B. In any case in which a summons has been issued, a warrant of arrest may later be issued in its place.

According to the complainant, the defendant’s conduct had been continuing for a number of days; and, since Brown refused to discuss his conduct with the officer, she had no reason to believe that the defendant would cease his offensive conduct upon the mere issuance of a summons.

In his last assignment of error, relator concludes that Article 213 of the Louisiana Code of Criminal Procedure forbids, or at least frowns upon, an arrest for a misdemeanor committed out of the officer’s presence. Article 213 states in part:

A peace officer may, without a warrant, arrest a person when:
*863(1) The person to be arrested has committed an offense in his presence; and if the arrest is for a misdemeanor, it must be made immediately or on close pursuit;
(2) The person to be arrested has committed a felony, although not in the presence of the officer:
(3) The peace officer has reasonable cause to believe that the person to be arrested has committed an offense, although not in the presence of the officer; or

Defendant argues that paragraph (1) of the article is more specific than paragraph (3) and that, since the officer could not testify as to how close her arrest of Brown followed his alleged offense, she was without authority to make a warrantless arrest.

This argument appears taken from a concurring opinion by Justice Tate in State v. Hammett, 359 So.2d 126, 129 (La.1978). He stated:

In my opinion, the trial judge correctly construed La.C.Cr.P. art. 213 as not allowing the warrantless arrest of a defendant for a misdemeanor not committed in the officer’s presence. La.C.Cr.P. art. 213(1) is a specific provision permitting warrantless arrests by an officer when “The person to be arrested has committed an offense in his presence, and if the arrest is for a misdemeanor it must be made immediately or on close pursuit.” La.C.Cr.P. art. 213(3) (permitting warrantless arrest for any offense when there are reasonable grounds therefor) is a general provision which, if inconsistent, must yield to the specific circumstances set forth in art. 213(1).

Historically, the position of Justice Tate is supported by both the statutory authority and the jurisprudence. La.R.S. 15:60, the source provision for C.Cr.P. art. 213 provided:

The former LSA-R.S. 15:60 provided:
“Any peace officer may, without a warrant arrest a person:
“(1) For the commission of any felony or misdemeanor committed in his presence;
“(2) When such person has committed a felony although not in the presence of the officer;
“(3) When a felony in fact has been committed and he has reasonable cause to believe that such person has committed it;
“(4) When he has reasonable cause to believe that a felony has been committed and reasonable cause to believe that such person has committed it;
“(5) When he has received positive information by written, telegraphic or other authoritative source that another officer holds a warrant for such arrest.”

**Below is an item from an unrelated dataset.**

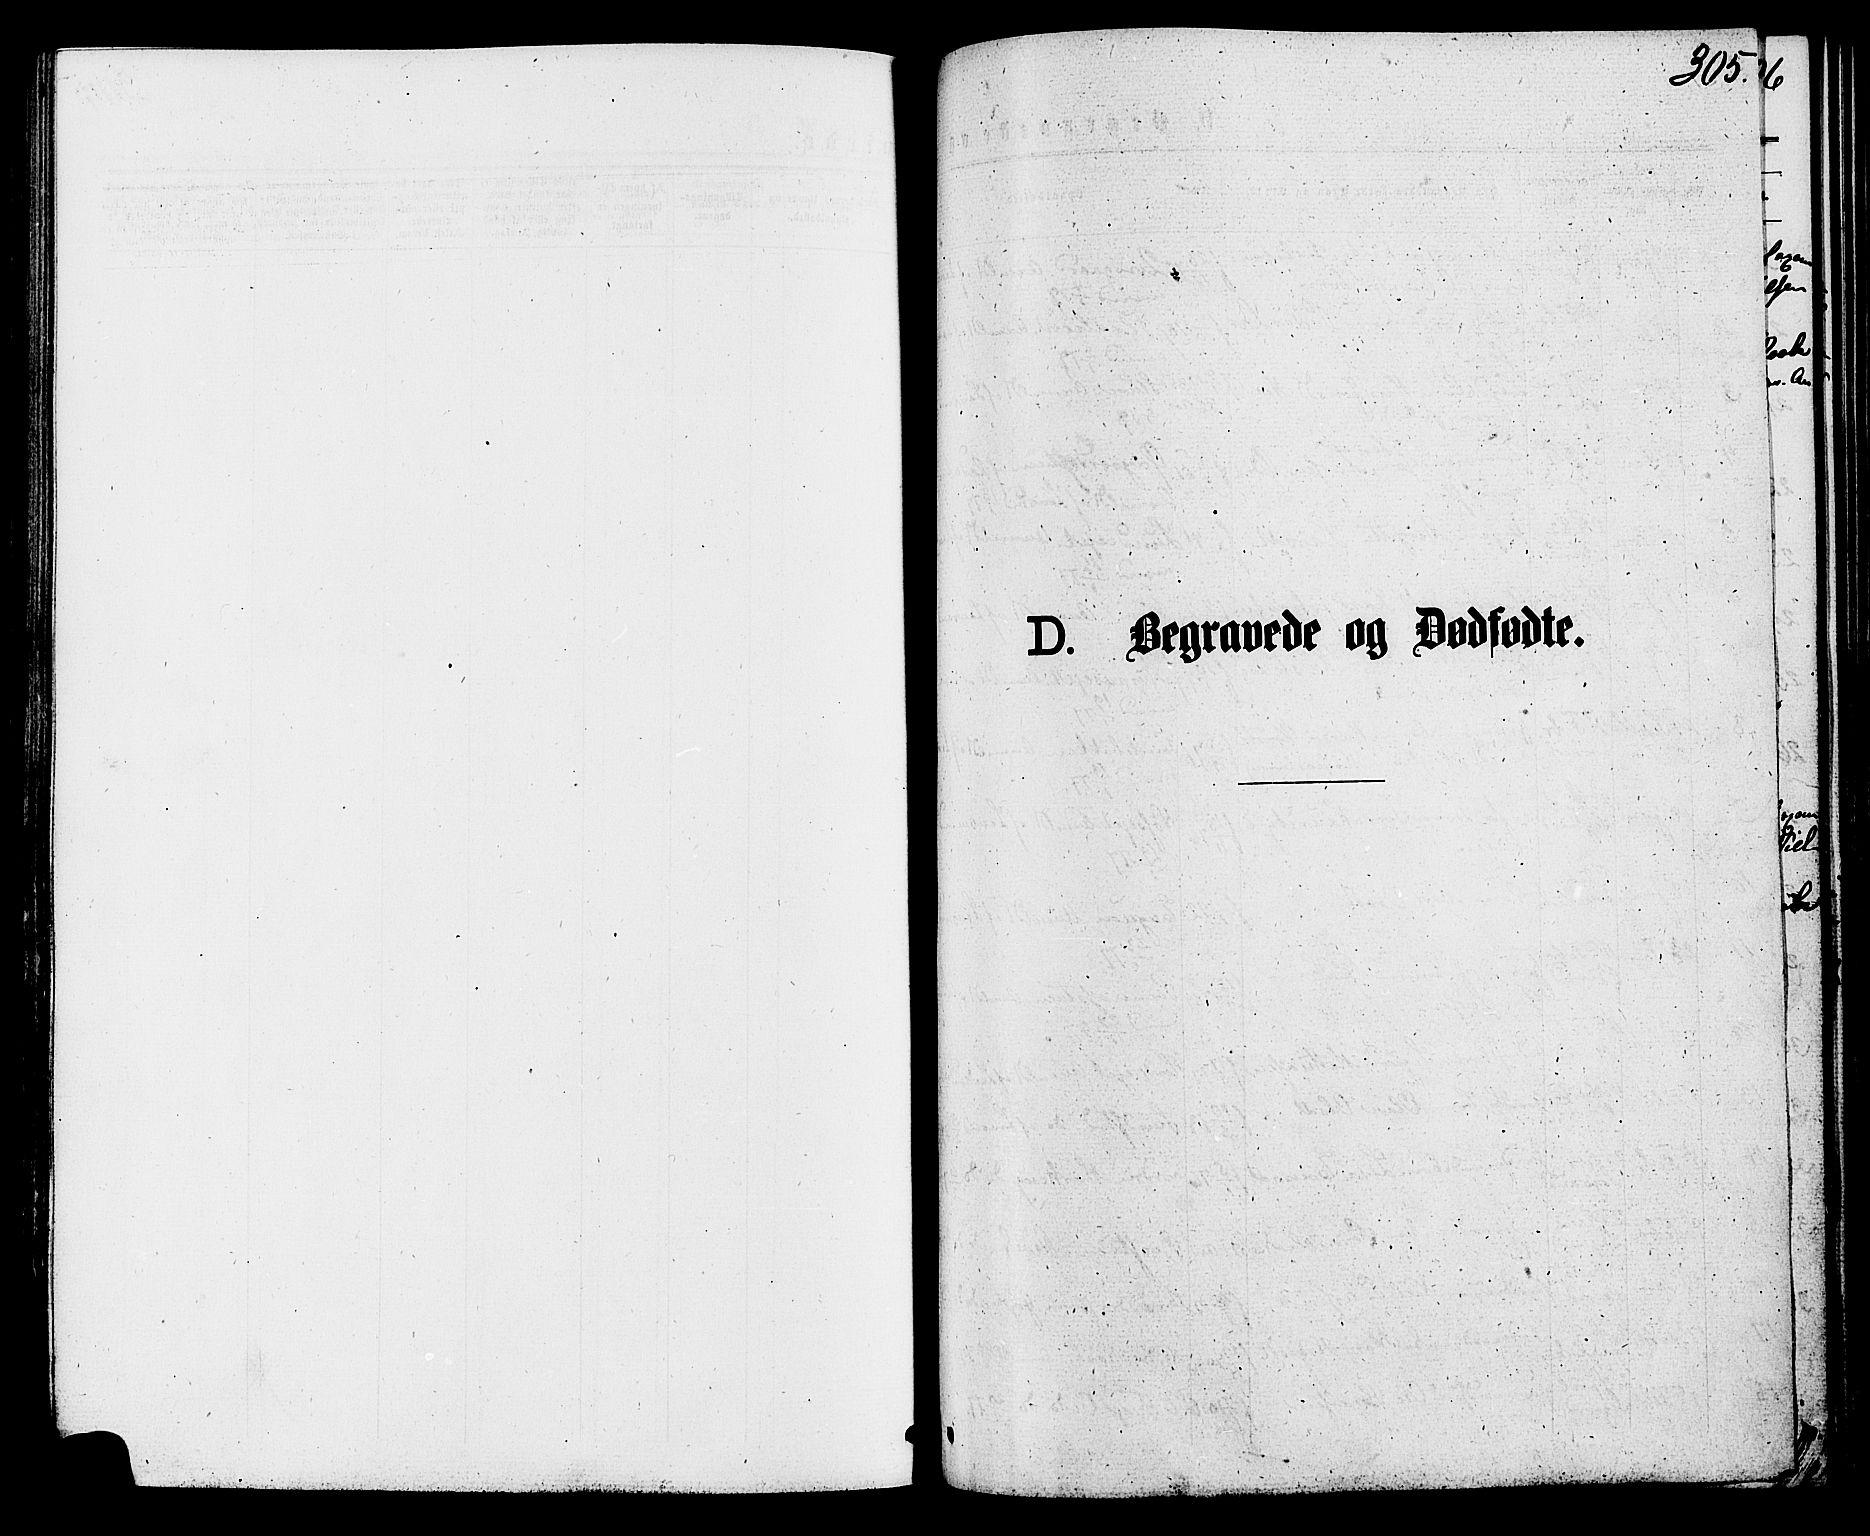 SAH, Biri prestekontor, Ministerialbok nr. 6, 1877-1886, s. 305

State v. Hammett, supra at 128 n. 2.

However, it is apparent from the Official Revision Comments following Article 213 that it was the intent of the Legislature, when enacting the existing article, to enlarge the authority of an officer making a misdemeanor arrest. Those comments state that (1) “offense” includes both felonies and misdemeanors and that (2) “By use of the term ‘offense’ in Clause (3), the authority of a peace officer to make arrests for crimes committed out of his presence is broadened to include arrests for misdemeanors as well as felonies.” There can be no clearer expression of legislative intent than the preceding statement. Additionally, in Naquin v. Iberia Parish School Board, 157 So.2d 287, 289 (La.App. 3rd Cir.1963), Judge Tate noted the following rule of statutory construction:

“The deliberate change of substance between the former procedural statute and the present ... article replacing it, is a significant indicia that change from the former procedure was intended.” [citation omitted]

Accordingly, for the reasons stated above, the application is refused.